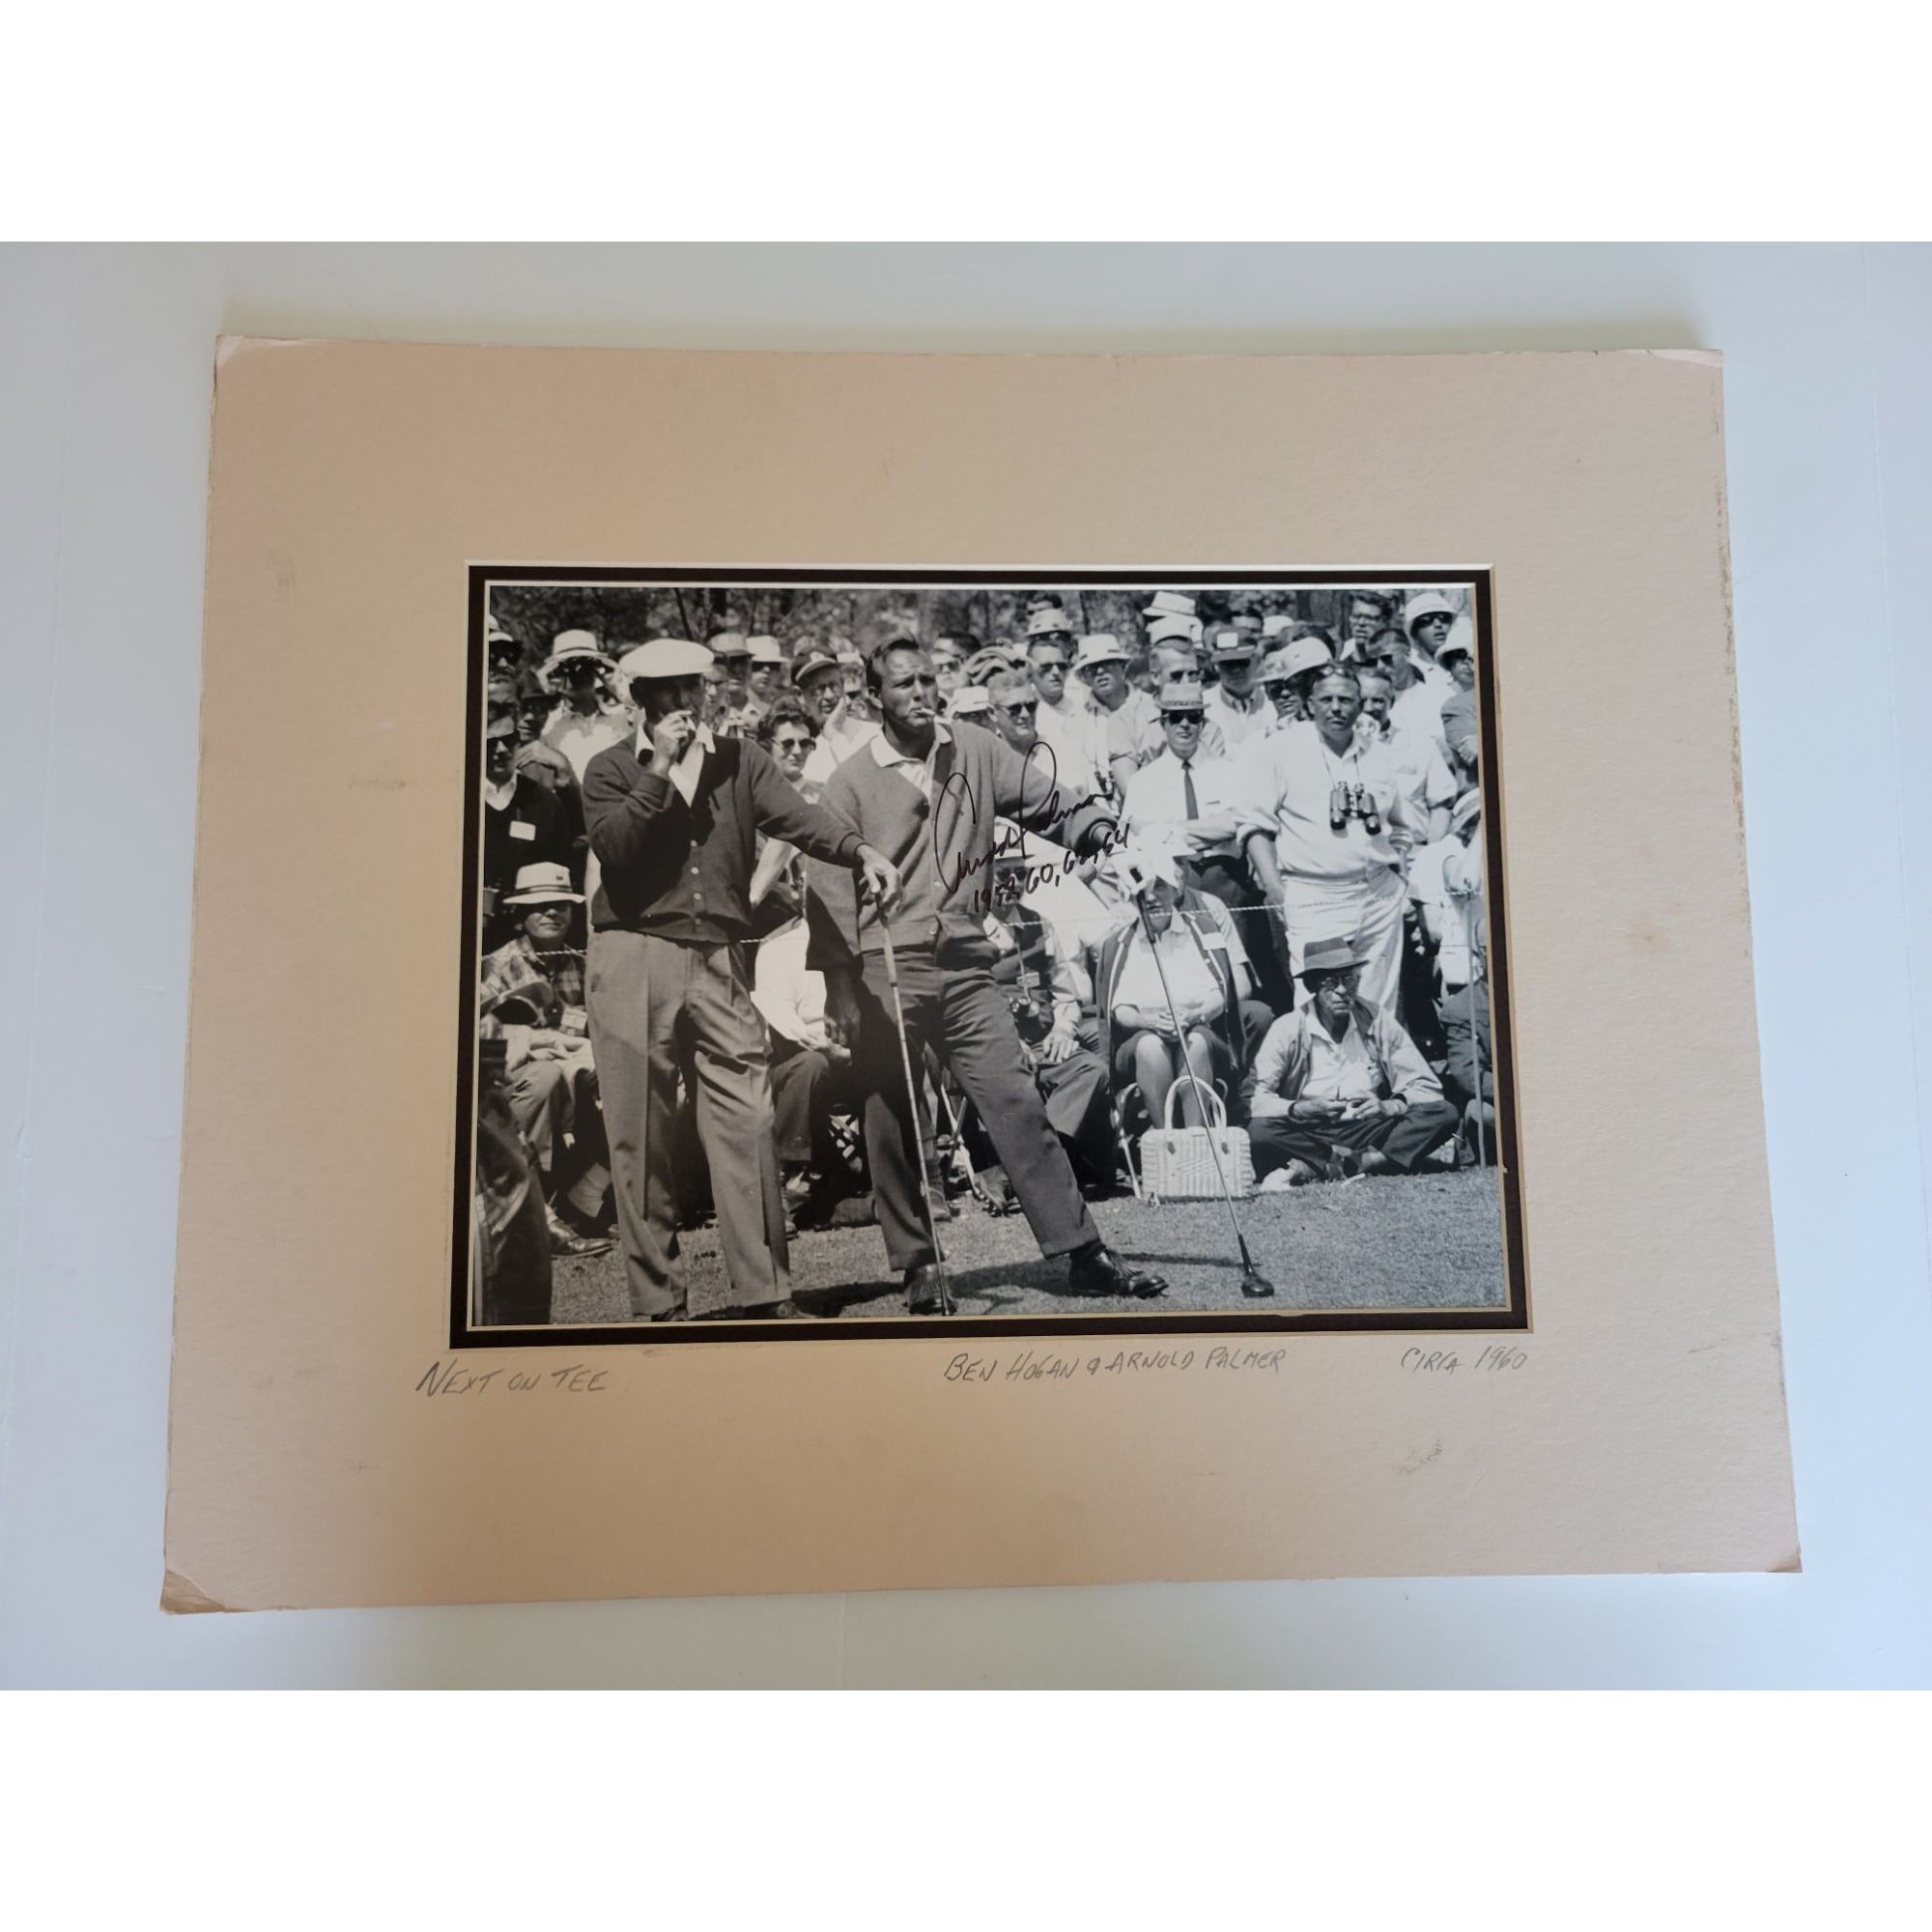 Arnold Palmer matted 11 by 14 photo with Ben Hogan
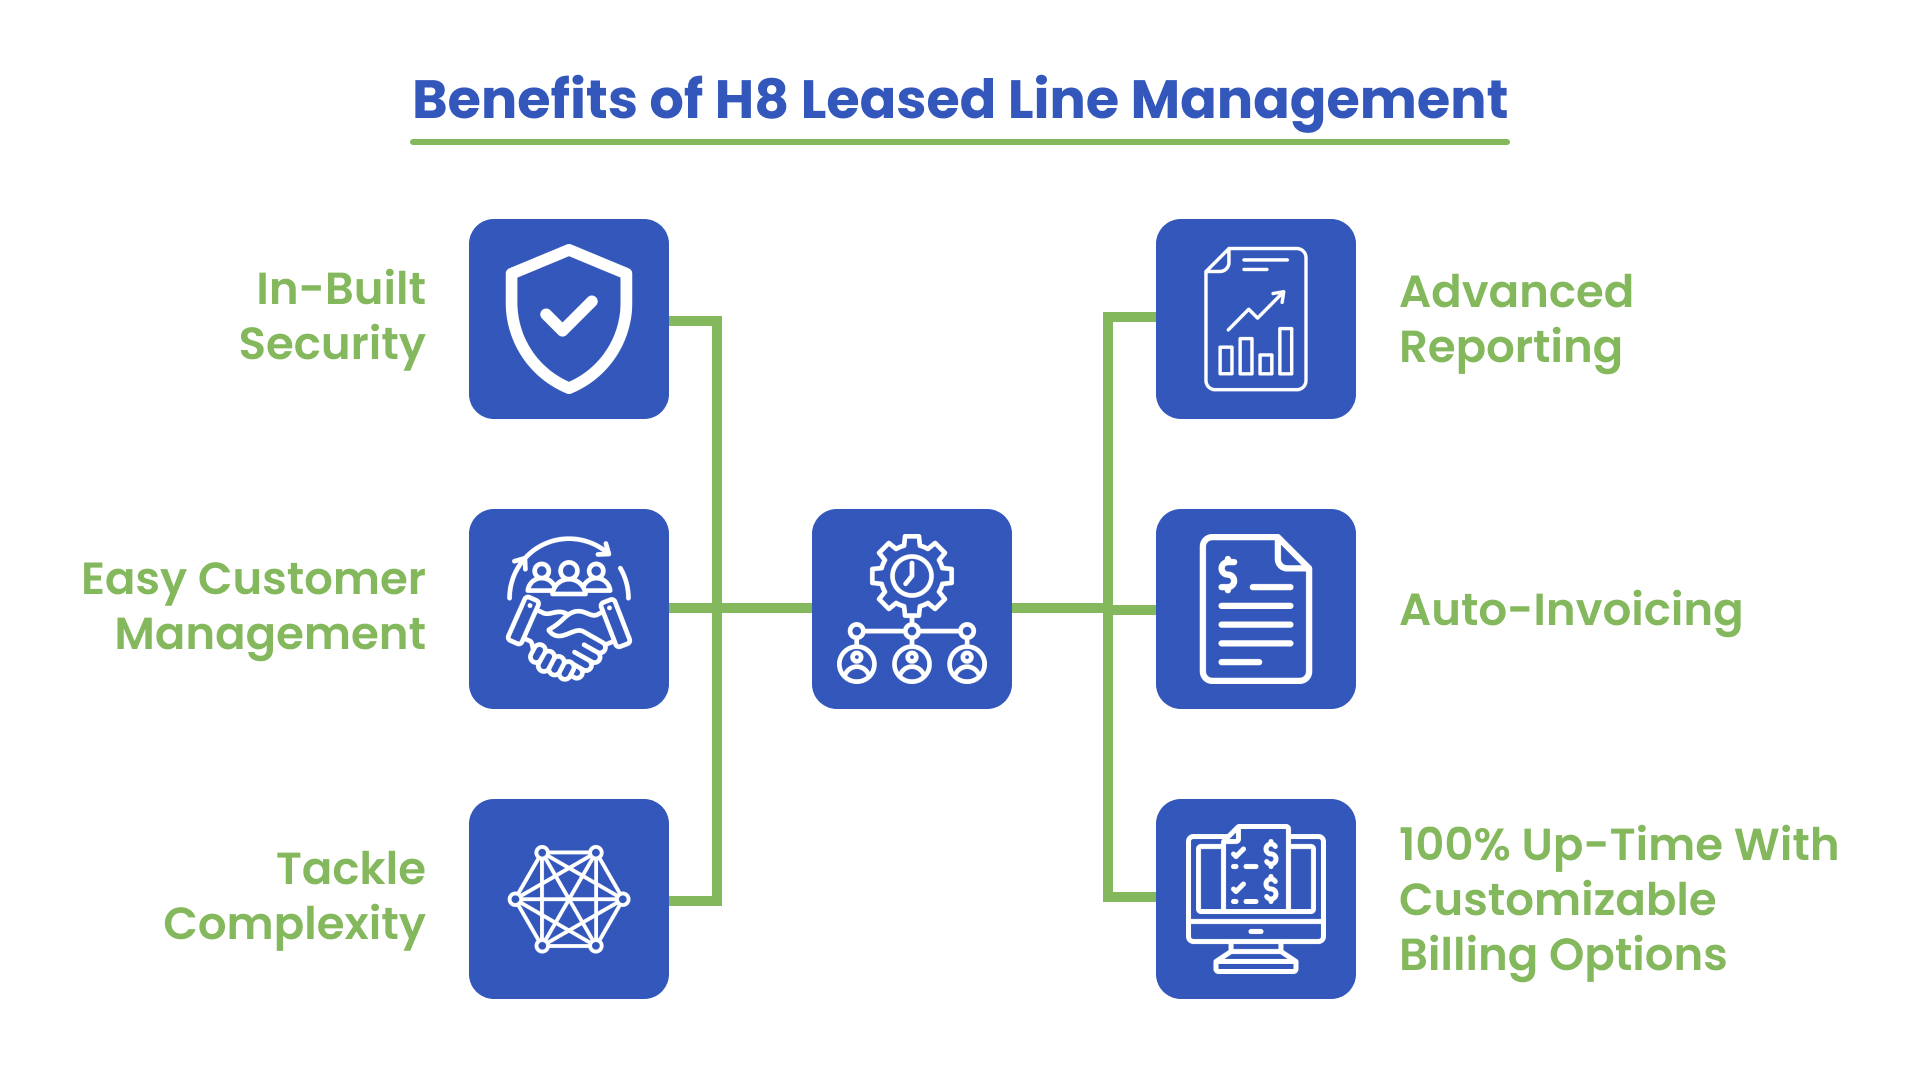 Benefits of Leased Line Management
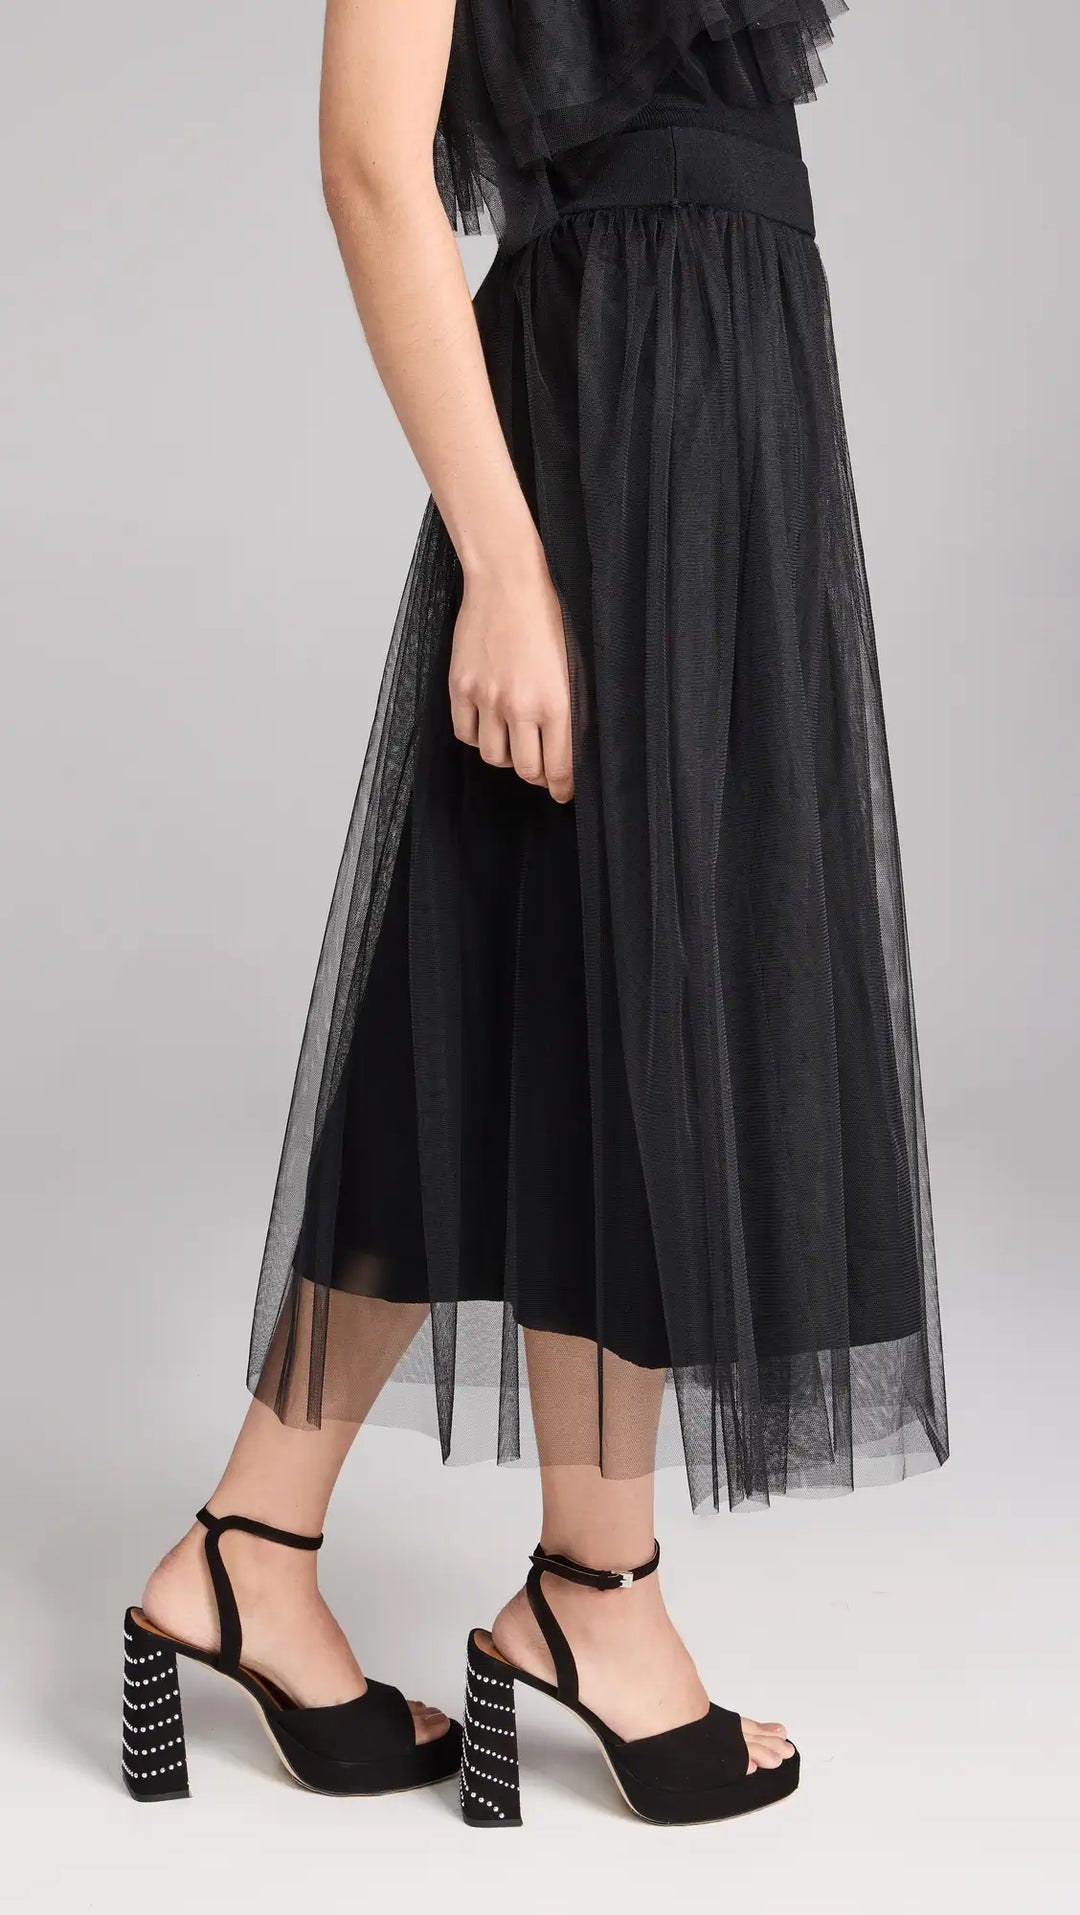 Autumn Cashmere Gathered Skirt with Tulle

#### DESCRIPTION OF THE TASK:
Please copy the data above word for word, but only from the line that contains "Benefits of Leased Line Management" through the final line, both included, and without the pictures.

#### RESULT OF THE EXERCISE:
 Benefits of Leased Line Management
 Autumn Cashmere Gathered Skirt with Tulle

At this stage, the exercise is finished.